Re: [PATCH v3] Avoid memory barrier in read_seqcount() through load acquire

"Christoph Lameter (Ampere)" <cl@xxxxxxxxxx> · Wed, 23 Oct 2024 16:42:36 -0700 (PDT)

On Wed, 23 Oct 2024, Peter Zijlstra wrote:

> > I doubt anybody will notice, and smp_load_acquire() is the future. Any
> > architecture that does badly on it just doesn't matter (and, as
> > mentioned, I don't think they even exist - "smp_rmb()" is generally at
> > least as expensive).
>
> Do we want to do the complementing patch and make write_seqcount_end()
> use smp_store_release() ?
>
> I think at least ARM (the 32bit thing) has wmb but uses mb for
> store_release. But I also think I don't really care about that.

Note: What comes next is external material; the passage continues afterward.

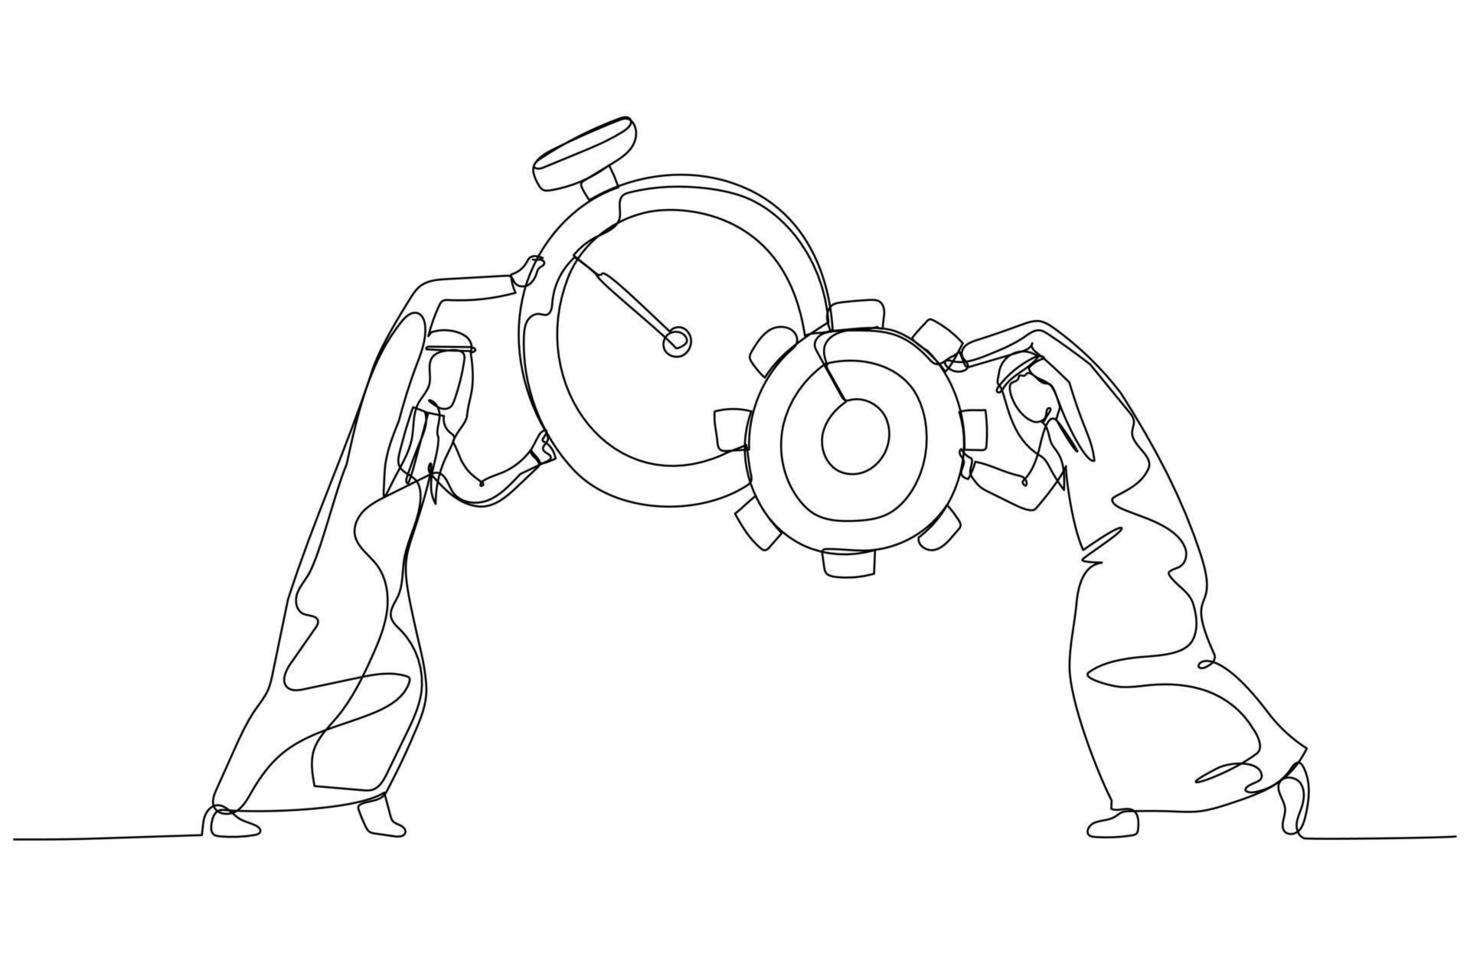 desenho animado do homem árabe combina relógio com e conceito de roda dentada de gerenciamento de tempo e produção. estilo de arte de linha única vetor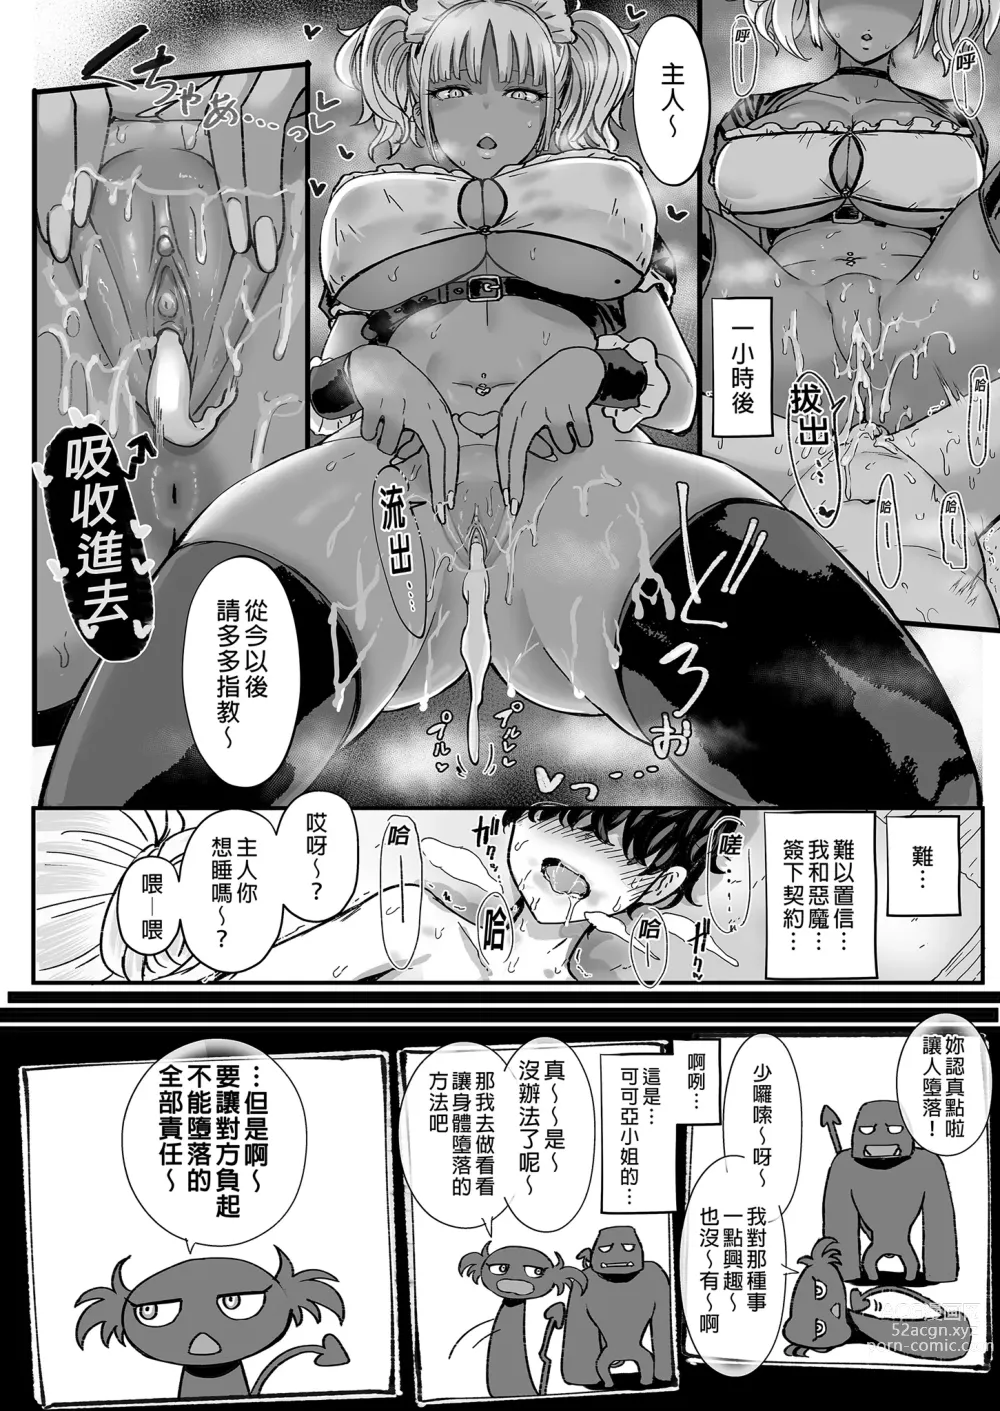 Page 8 of doujinshi 享用主人的黑辣妹女僕淫魔。 (decensored)

The proper instruction would be something like

atomic_inc_release(&seqcount)

The current atomics do not provide such a macro.

The closest in the current tree is atomic_inc_return_release().

We would prefer atomic_inc_release(&seqcount) because such an
atomic may be executed as a far atomic in the ARM mesh.

This could be cheaper than a local atomic and could f.e. be executed
on the memory controller of a remote NUMA node in order to avoid a costly
transfer of cacheline ownership.

The code generated is a atomic that also does a release. So there would be
no extra barrier etc needed.